Background

Osteosarcoma is a highly malignant and common bone tumour with an aggressive and poor prognosis and is prevalent in adolescents and young adults [1, 2]. Approximately 80% of osteosarcomas occur in the extremities, most commonly in the metaphysis of the long bone around the knee joint, and the other 20% occur in the axial bone and pelvis [3]. In addition, metastasis, especially lung metastasis, is an important factor in determining the prognosis and survival of osteosarcoma. It has been reported that high-dose methotrexate, vincristine, and folinic acid could improve the survival rate of patients. However, the survival rate of patients with metastatic osteosarcoma remains unchanged [4]. Therefore, we aimed to search for prognostic targets of osteosarcoma.
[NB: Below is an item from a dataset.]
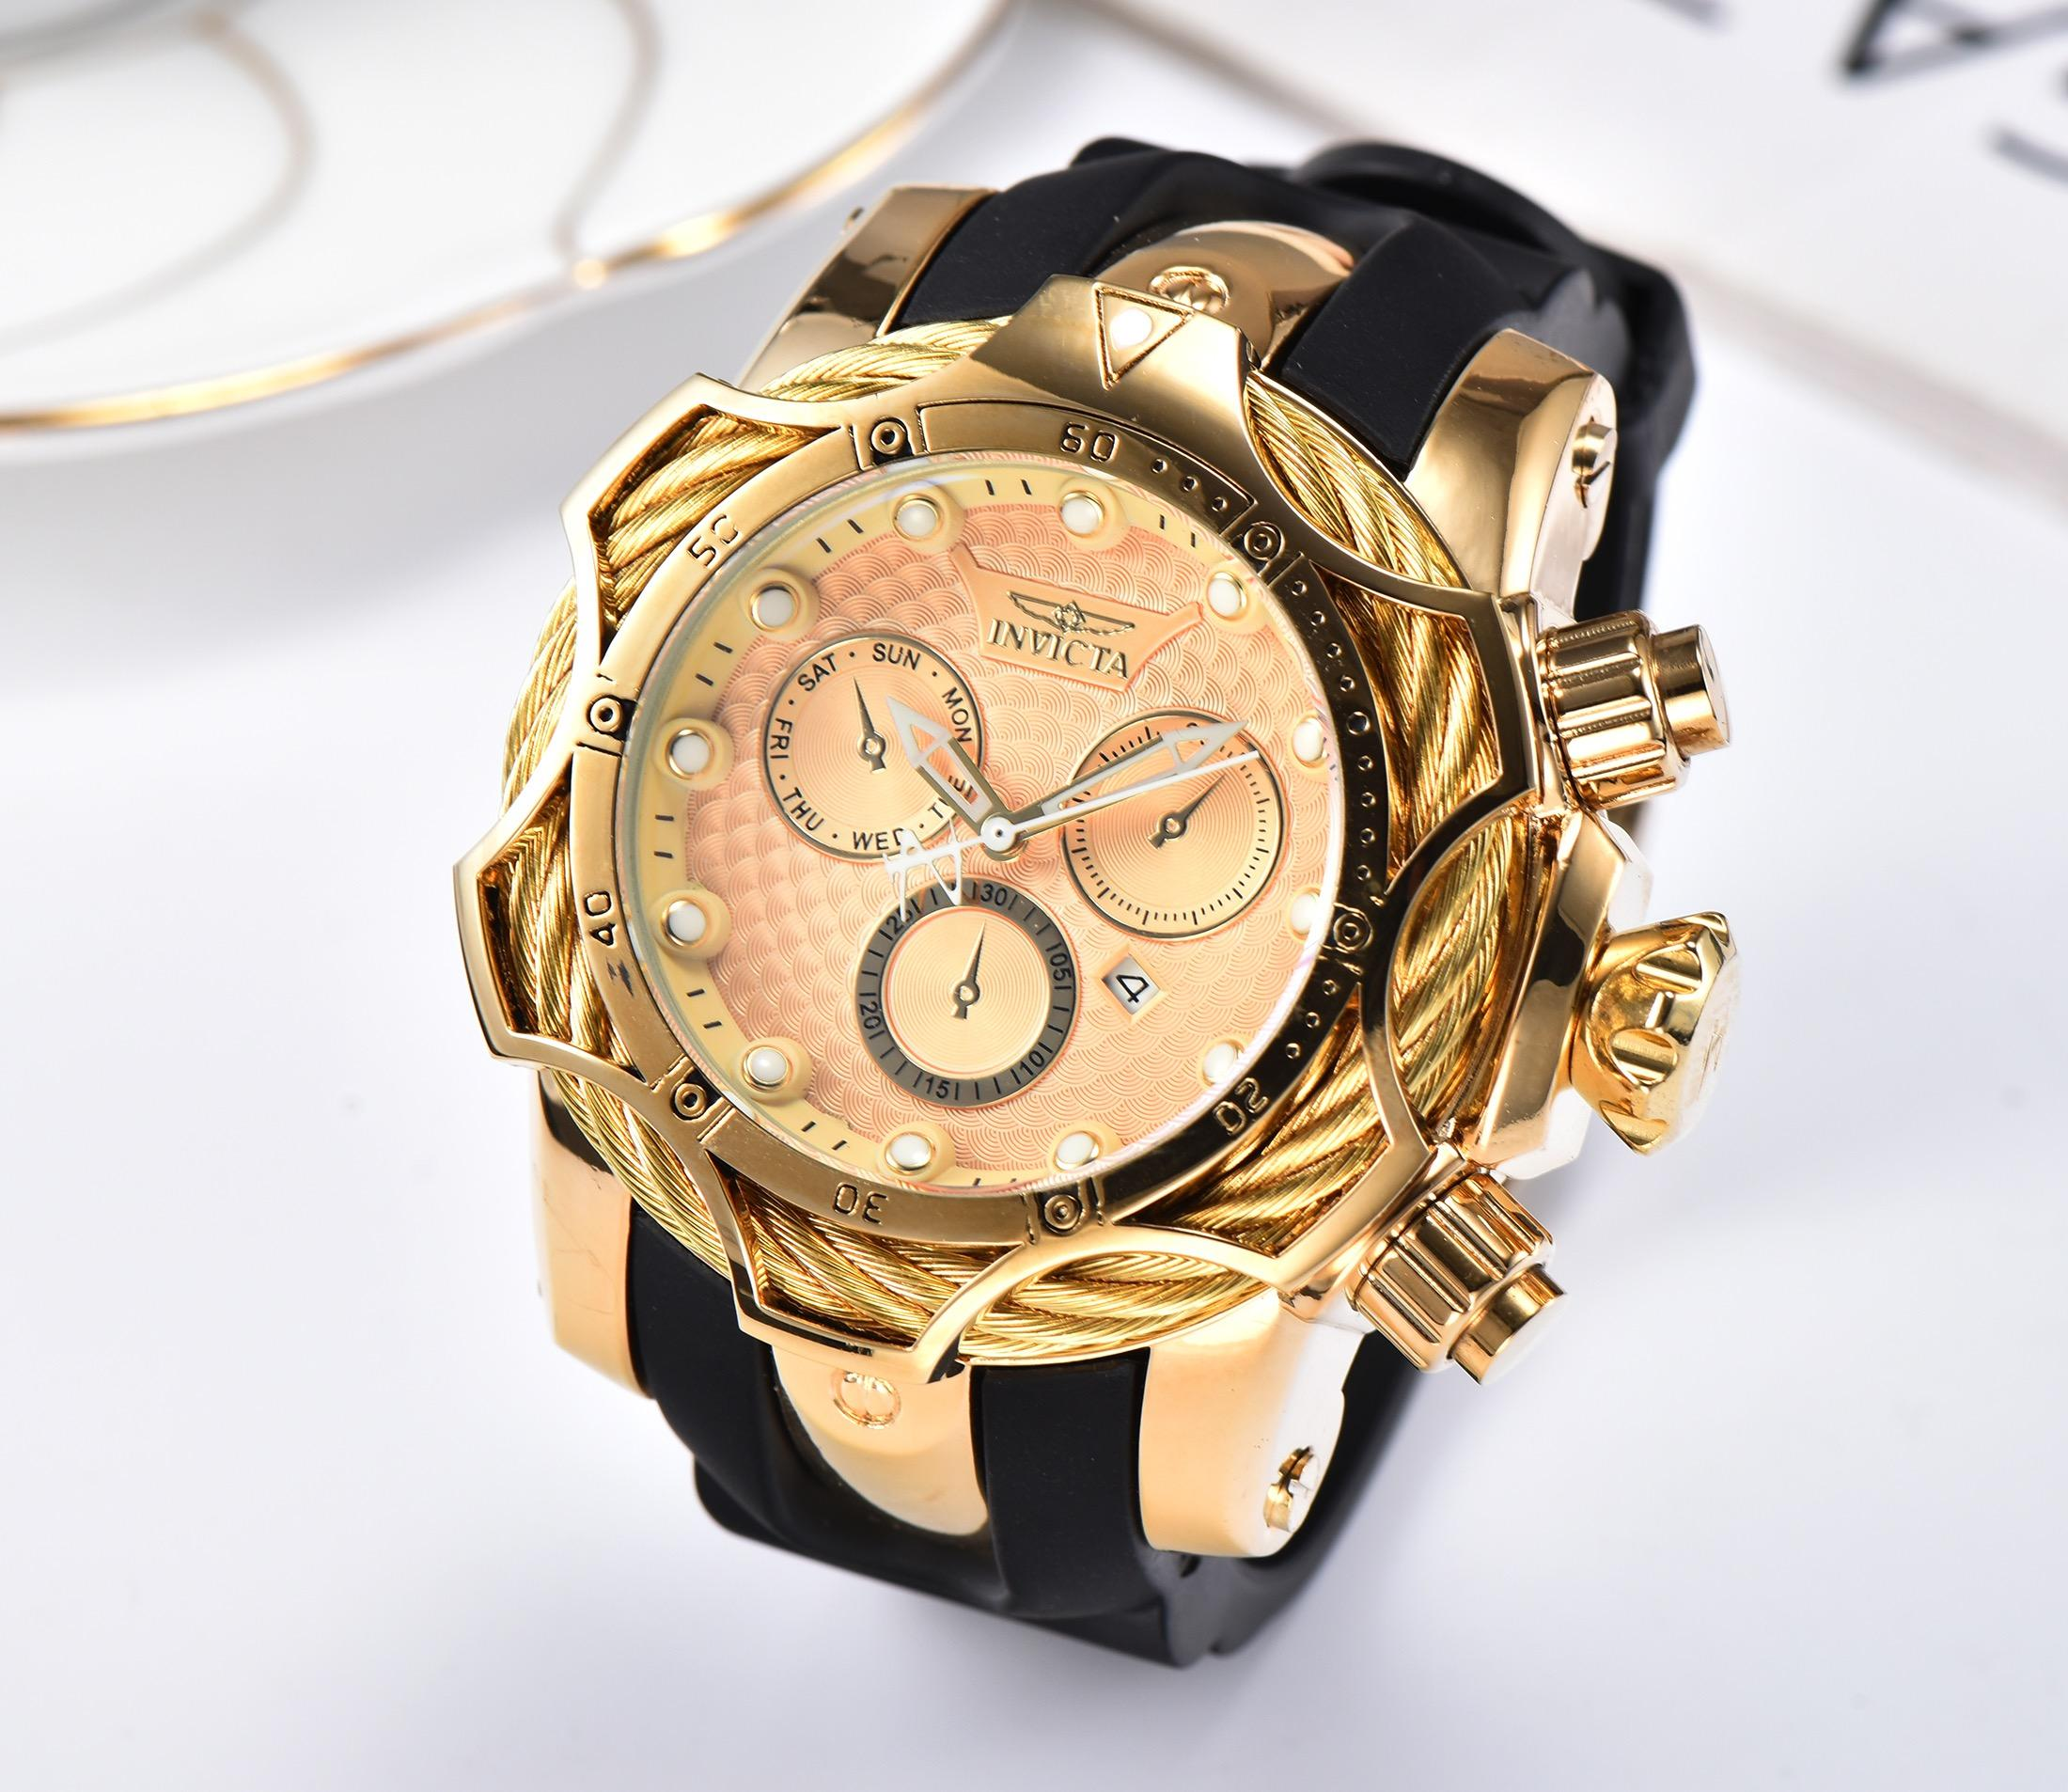 19 INVICTA Orologio di lusso in oro Tutti i quadranti secondari funzionanti Uomo Sport Orologi al quarzo Cronografo Data automatica elastico Orologio da polso per regalo maschile 3C

The function of long noncoding RNAs (lncRNAs) in many areas has gradually gained an appreciation and has been extensively studied. lncRNAs are defined as transcripts of more than 200 nucleotides that are not translated into proteins [5] and can participate in transcription, post-transcriptional regulation, and protein regulation. Findings from numerous epidemiological studies have linked lncRNAs to tumours, which suggests that lncRNAs play an important role as biomarkers [6, 7] and therapeutic targets [8, 9]. In addition, the role of lncRNAs in osteosarcoma is currently of significant interest to many researchers. Previous studies have demonstrated the relationship between lncRNAs and tumorigenesis [9, 10], metastasis [11], progression [12], and chemotherapeutic drug resistance [13] in osteosarcoma. Unfortunately, there is limited intervention research on the impact of potential prognostic lncRNA signatures for osteosarcoma.

The Therapeutically Applicable Research to Generate Effective Treatments (TARGET) database provides RNA-sequencing (mRNA-seq) data on several types of cancers, including acute lymphoblastic leukaemia, myeloid leukaemia, kidney tumours, neuroblastoma, and osteosarcoma. In this study, a large cohort from the TARGET osteosarcoma project was used to identify potential lncRNAs related to the overall survival of patients with osteosarcoma. In addition, we identified a five-lncRNA signature that could predict the prognosis of patients with osteosarcoma. Our study suggests the potential functions of lncRNAs in osteosarcoma.

Methods

Data collection and preprocessing

Data of mRNA-seq and relevant clinical sample data of osteosarcoma patients were collected through the TARGET data matrix (https://ocg.cancer.gov/programs/target). We downloaded data for 306 clinical samples in total, but only 102 clinical samples had mRNA-seq data, and after deleting duplicate data, there were only 97 samples. Altogether, 24 metastatic samples and 73 non-metastatic samples were used to determine differentially expressed lncRNAs by using the edger package in R software (4.0.2). Differently expressed lncRNAs were selected based on threshold log foldchange (FC) > 1, adjusted p < 0.05.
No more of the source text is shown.